### COLLECTED DATA
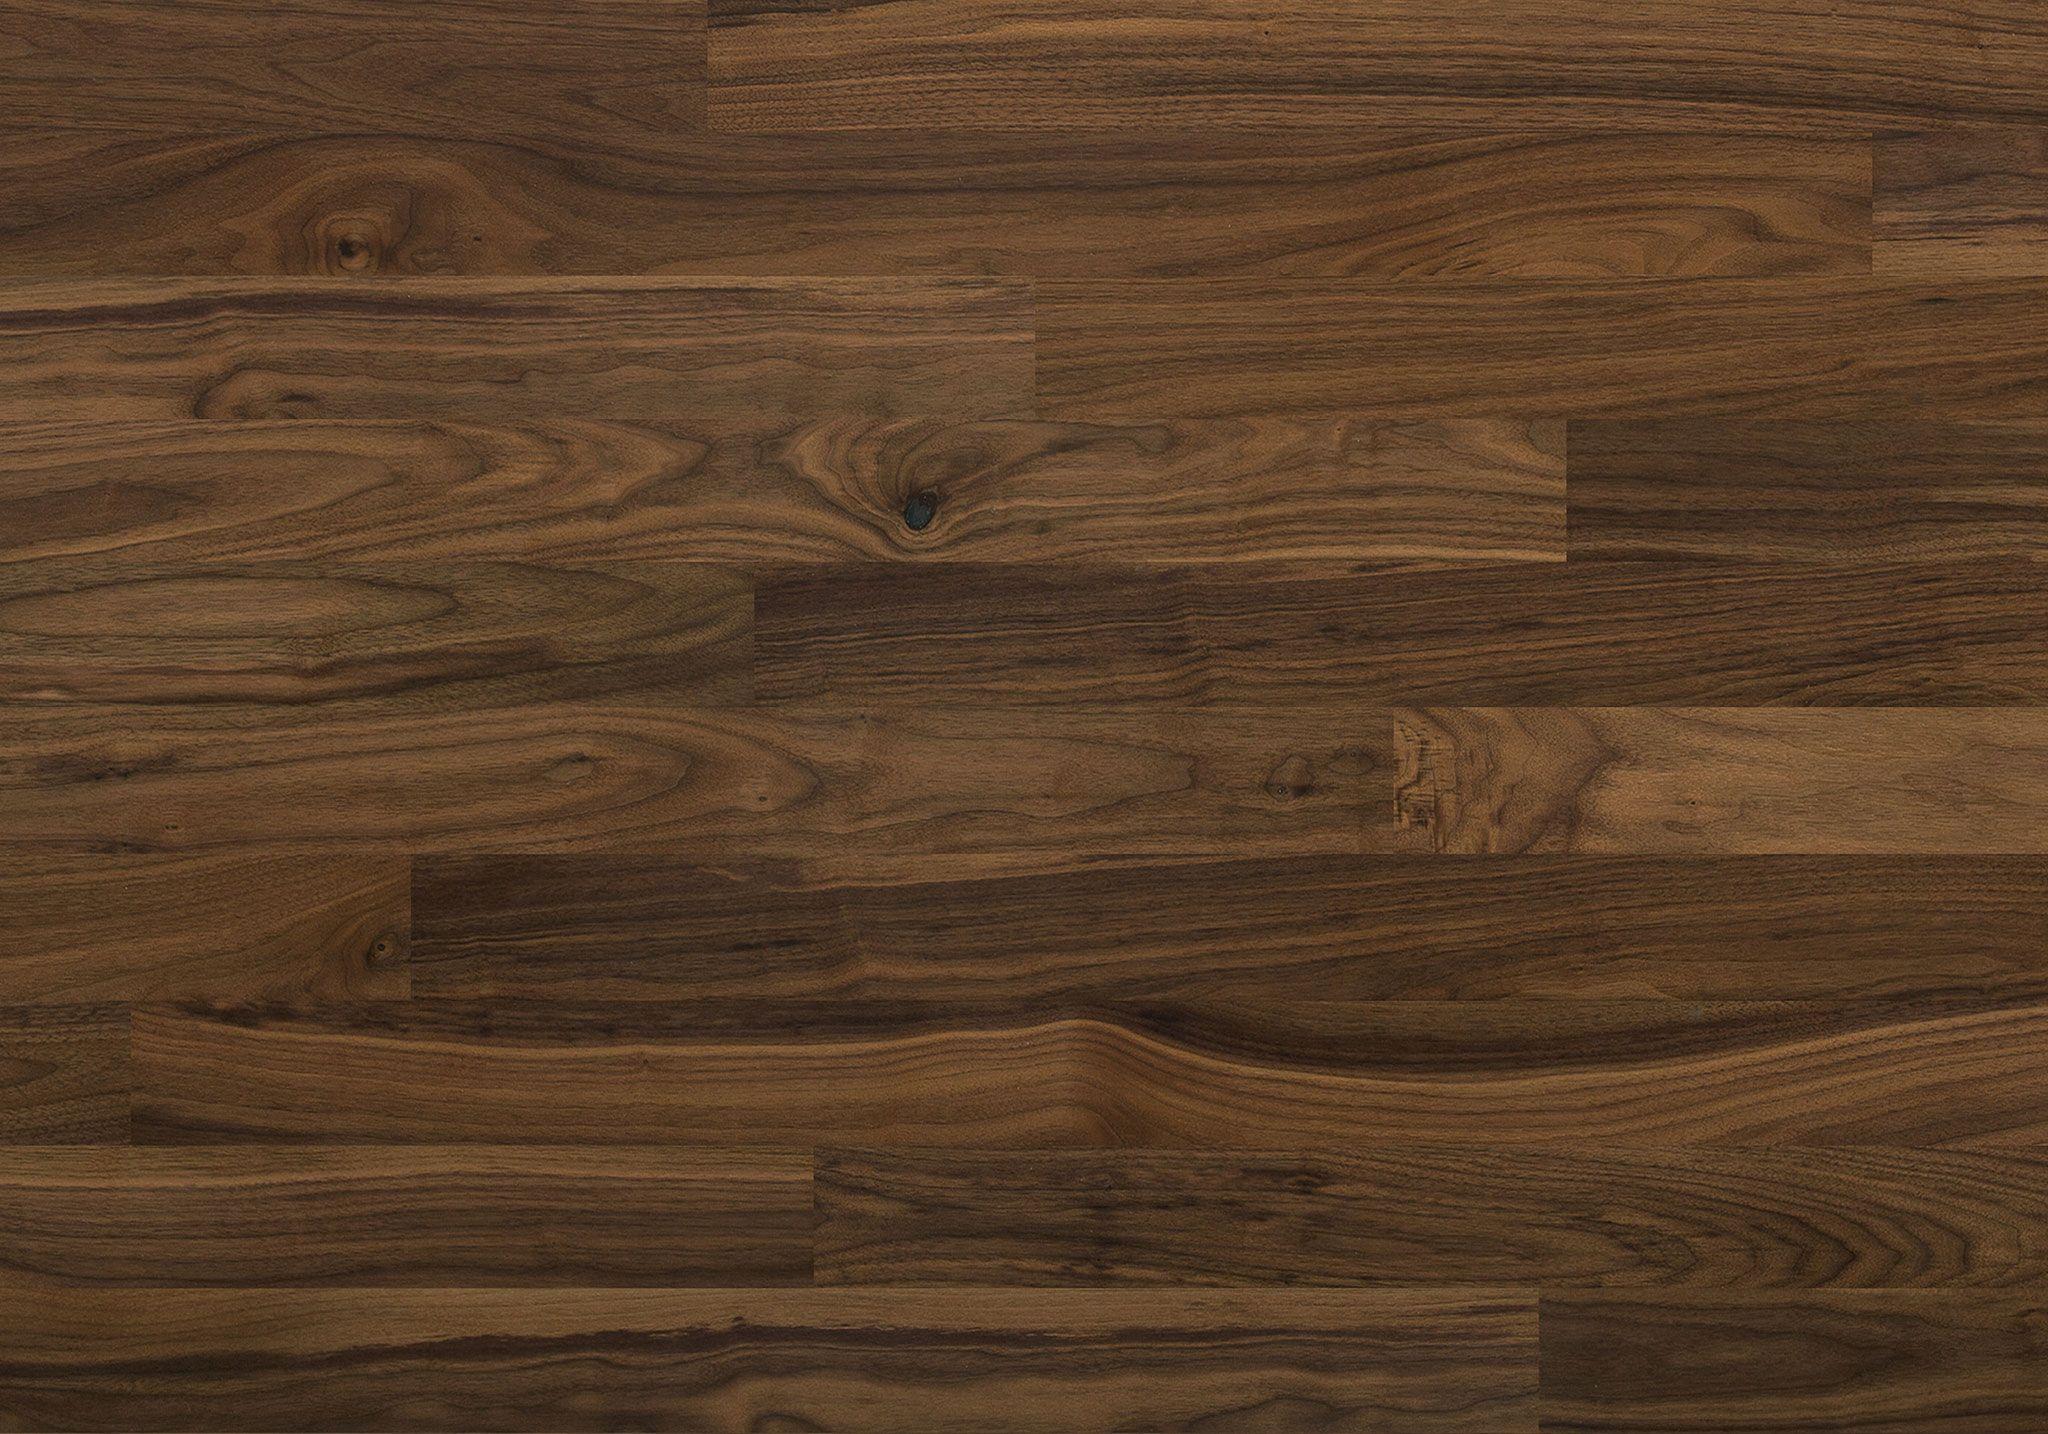 Natural Ambiance Black Walnut Exclusive Lauzon Hardwood
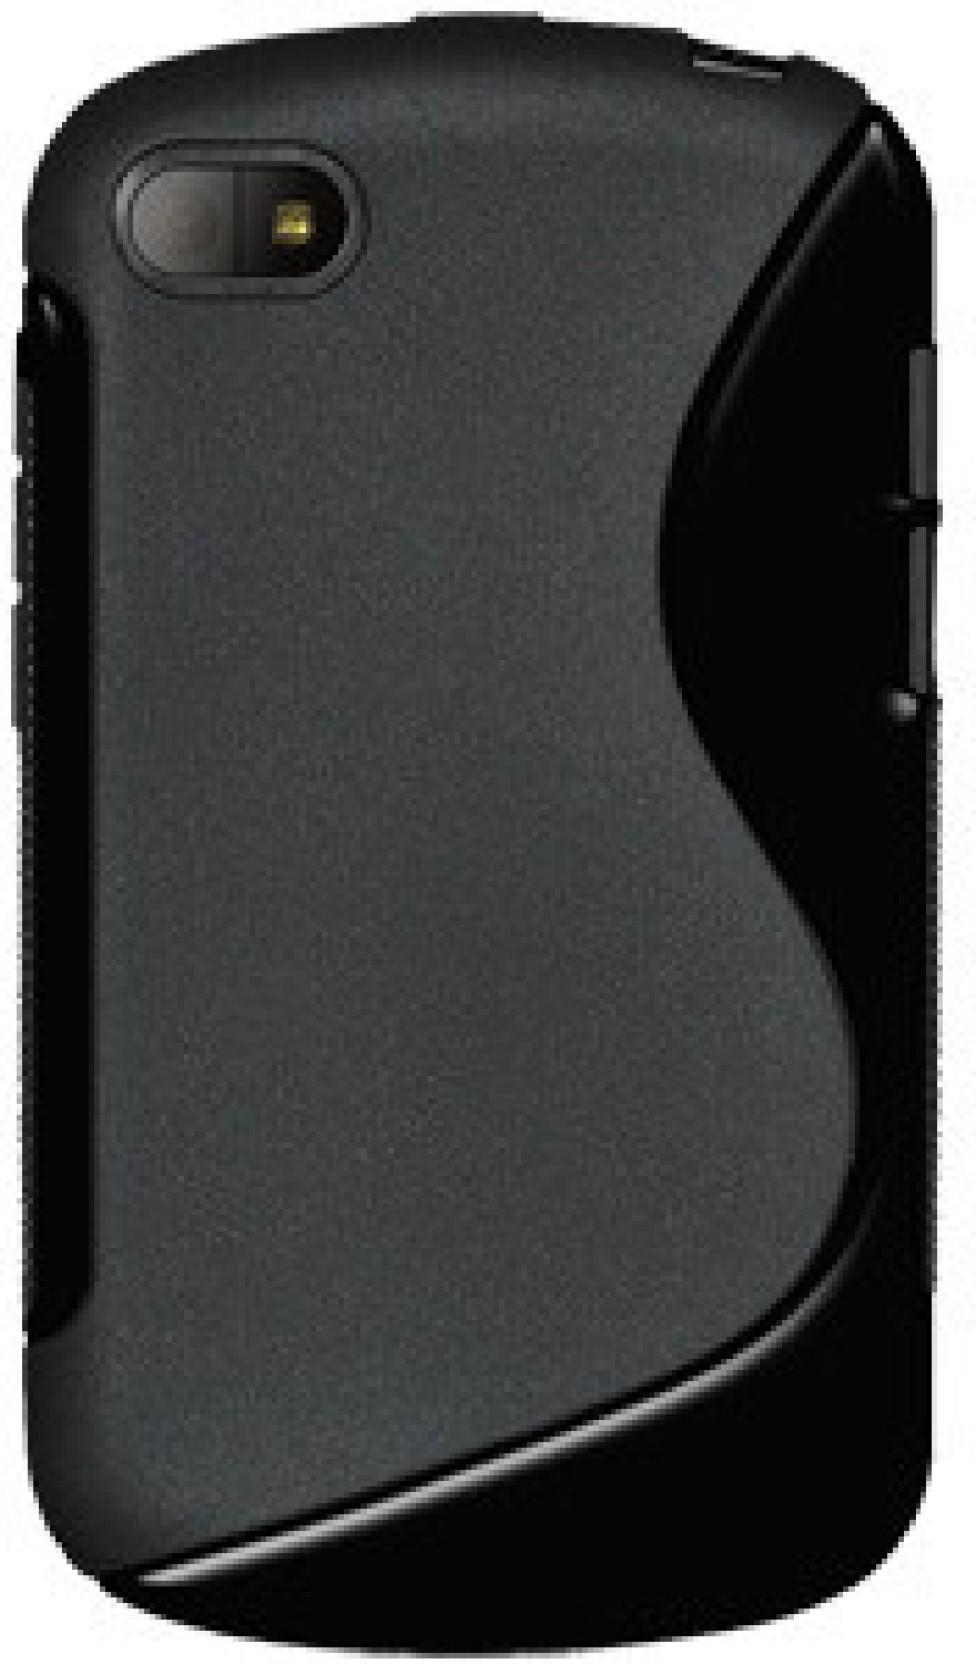 Amzer Back Cover For Blackberry Q10 Black Home
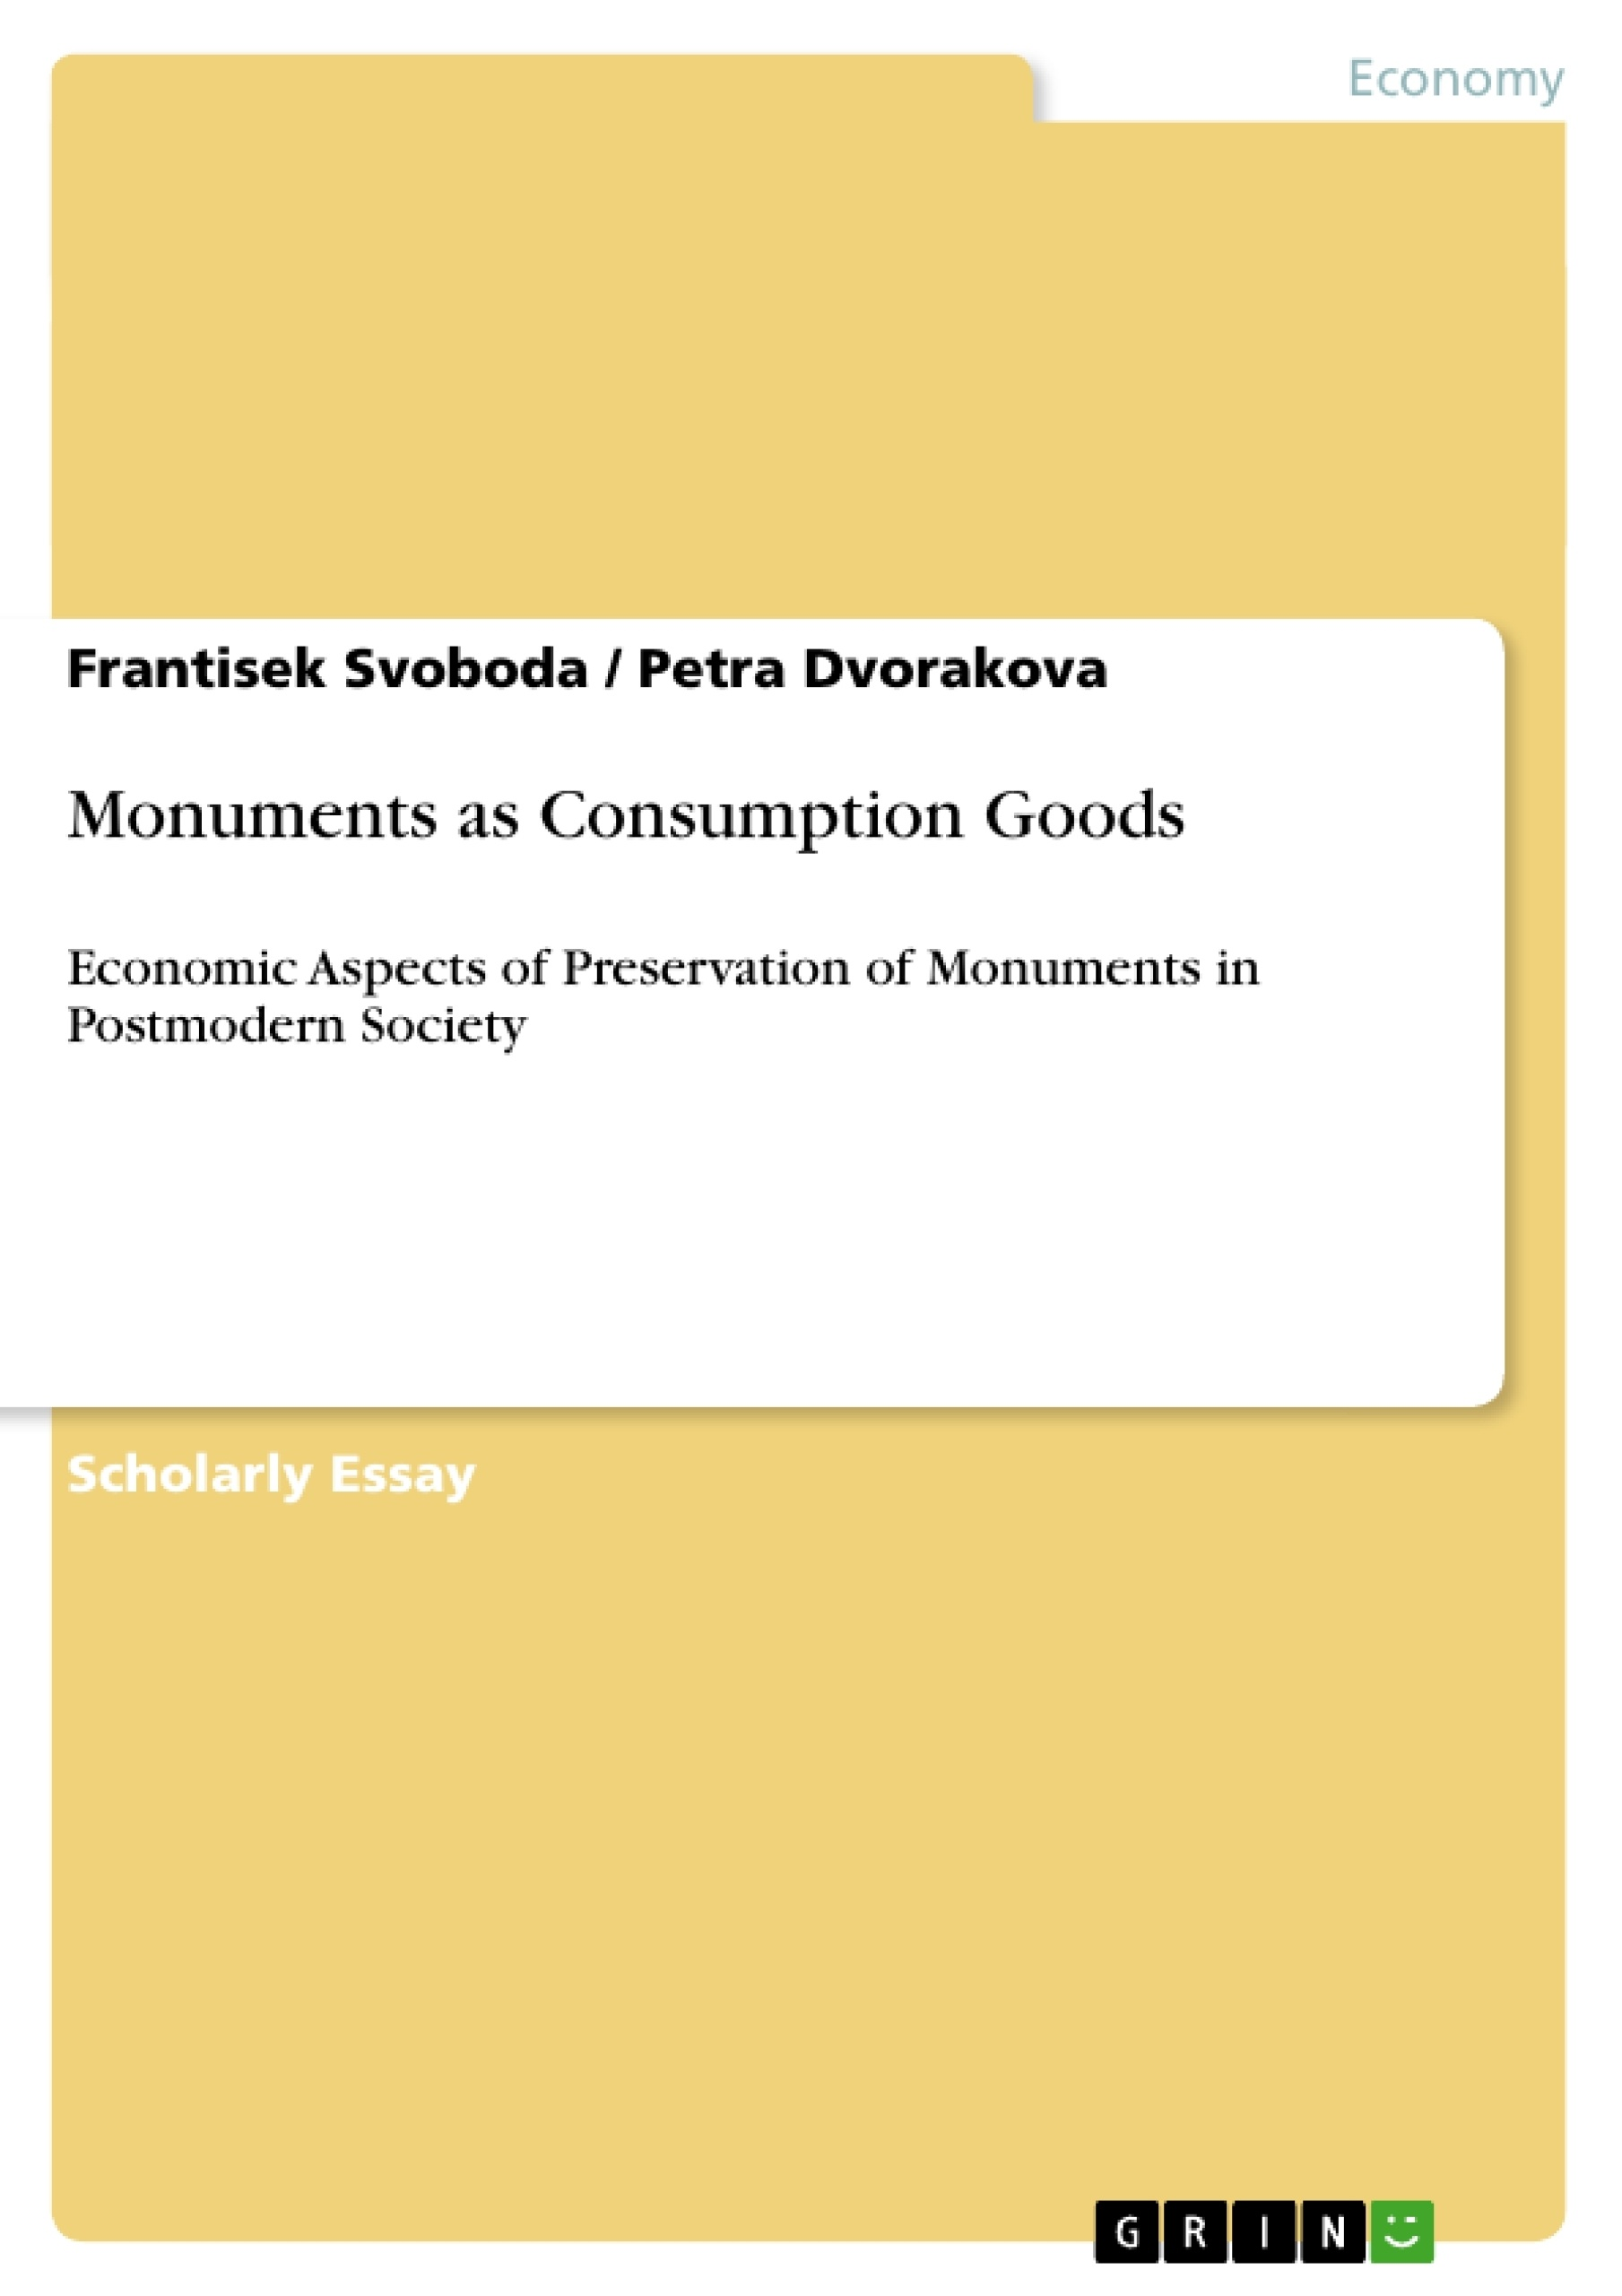 Title: Monuments as Consumption Goods

### WHAT NEEDS TO BE DONE
Find the line that has "Amzer Back Cover" in the listing, then retype it and each later line up to the last, exactly. Leave pictures out.

### WORKED SOLUTION
 Amzer Back Cover For Blackberry Q10 Black Home
 Title: Monuments as Consumption Goods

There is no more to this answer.